Фасонит Колупаев Андрюха, задается! Но у него ж в забайкальском совхозе имени Десяти замученных красных партизан имеются жена и двое детишек! Забыл? На-по-о-ом-ним! Рассказывай, голубчик, как и что было, детально, досконально рассказывай, иначе…

— Не могу, ребята! Хоть режьте! Любовь промеж нас зачалась гибельная!.. — и грустно поведал Андрюха, как тоскует он об Галине Артюховне, и его по правилам с машины сымать бы надо, потому как он ночами не спит и может аварию сделать и весь взвод управления поизувечить. Он обвел всех нас жалеющими глазами и вздохнул: — Очень, ребята, хорошо любить! Вроде бы и мученье, а все одно хорошо!..

Поняли мы его — не чурки! — как-никак в школах учились, в пионерах иные состояли и книжки про любовь читали. Зауважали мы Андрюху и даже потихоньку гордились тем, что есть у нас такой боец, который вроде бы всех нас обнадежил на будущее своей любовью.

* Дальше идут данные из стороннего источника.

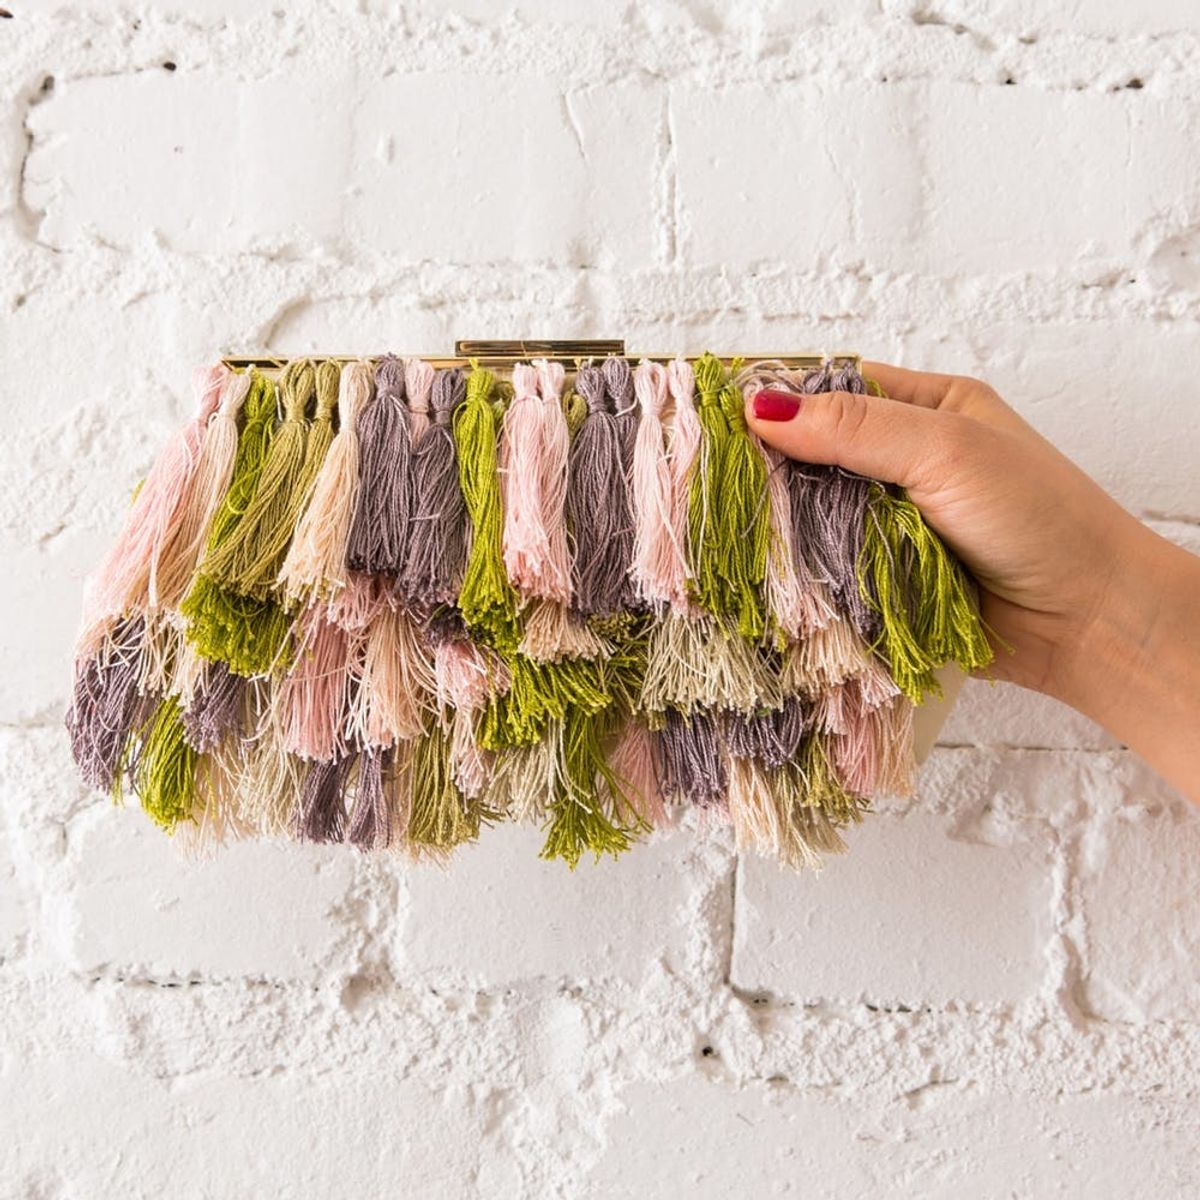 Make This Anthro-Inspired Fringe Purse Without the $228 Price Tag

Письма Андрюха получал с каждой почтой, иногда по три сразу. Он уходил в лес или прятался в хлеба и читал по многу раз каждое письмо. Потом Андрюха залисил вокруг меня, угодливым сделался, в кабину зазывал, где ехать благодать: спать можно, пылью не душит.

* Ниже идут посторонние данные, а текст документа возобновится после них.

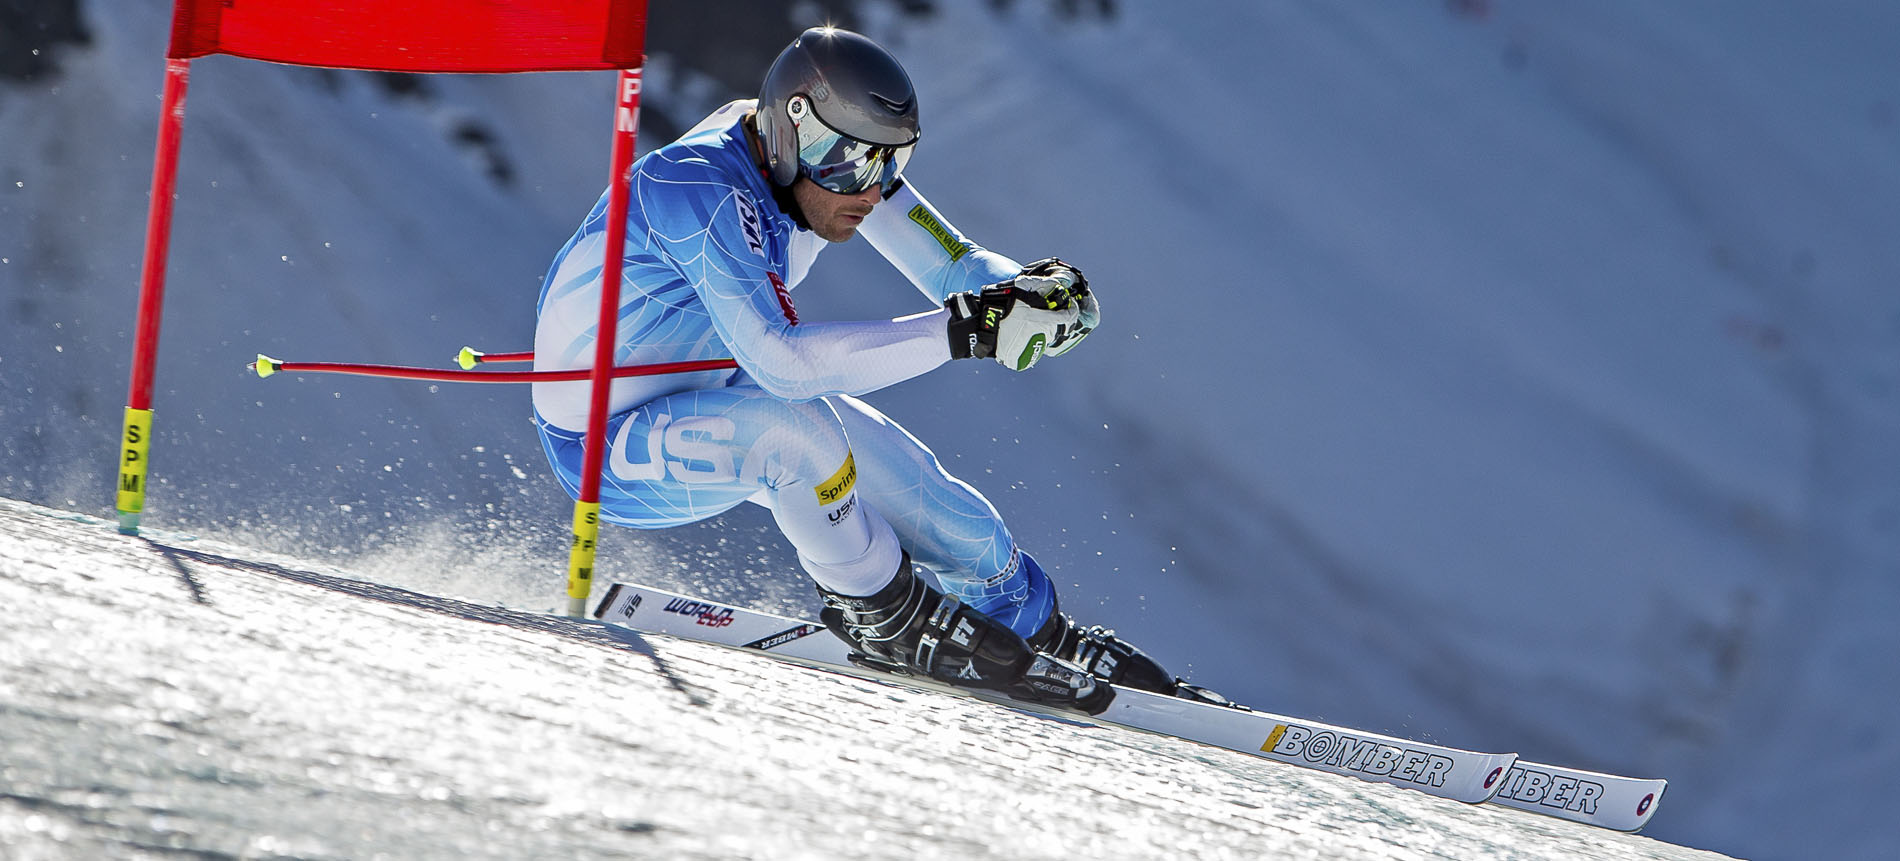 Featured Outlaw: Bode Miller - After the Last Gate - Mountain Outlaw

Я не сразу, но уразумел, в чем туг дело. Я сочинял складные письма заочницам с лирическими отклонениями насчет «жестокого оскала войны», где нам тоскливо без женщин, особенно когда цветут сады, поют соловьи, где «только пули свистят по степи, тускло звезды мерцают…» и горько пахнет черным порохом, которым мы «овеяны». Чтобы все было натурально, солдат, которые с моего сочинения переписывали письма, вставляя в них имена своих заочных «симпатий», я научал тереть бумагу о закопченный котелок либо обжечь по углам. То-то бедные девчонки в тылу переживали, получив «опаленные огнем» письма!

Совсем обезумел Андрюха Колупаев от любви, хочет, чтобы я написал «хорошее» письмо Галине Артюховне. Самогонки сулился достать за услугу. Сам Андрюха происходил из темной старообрядческой деревни и грамоту имел совсем малую. Письма он писал трудно, по нескольку дней, бывало, мусолит письмо, аж лицом осунется. Но я хоть и считался во взводе парнем с придурью, все же отказал ему: с заочницами, мол, баловство и развлечение, а тут дело серьезное. Андрюха надулся на меня и в кабину больше не приглашал.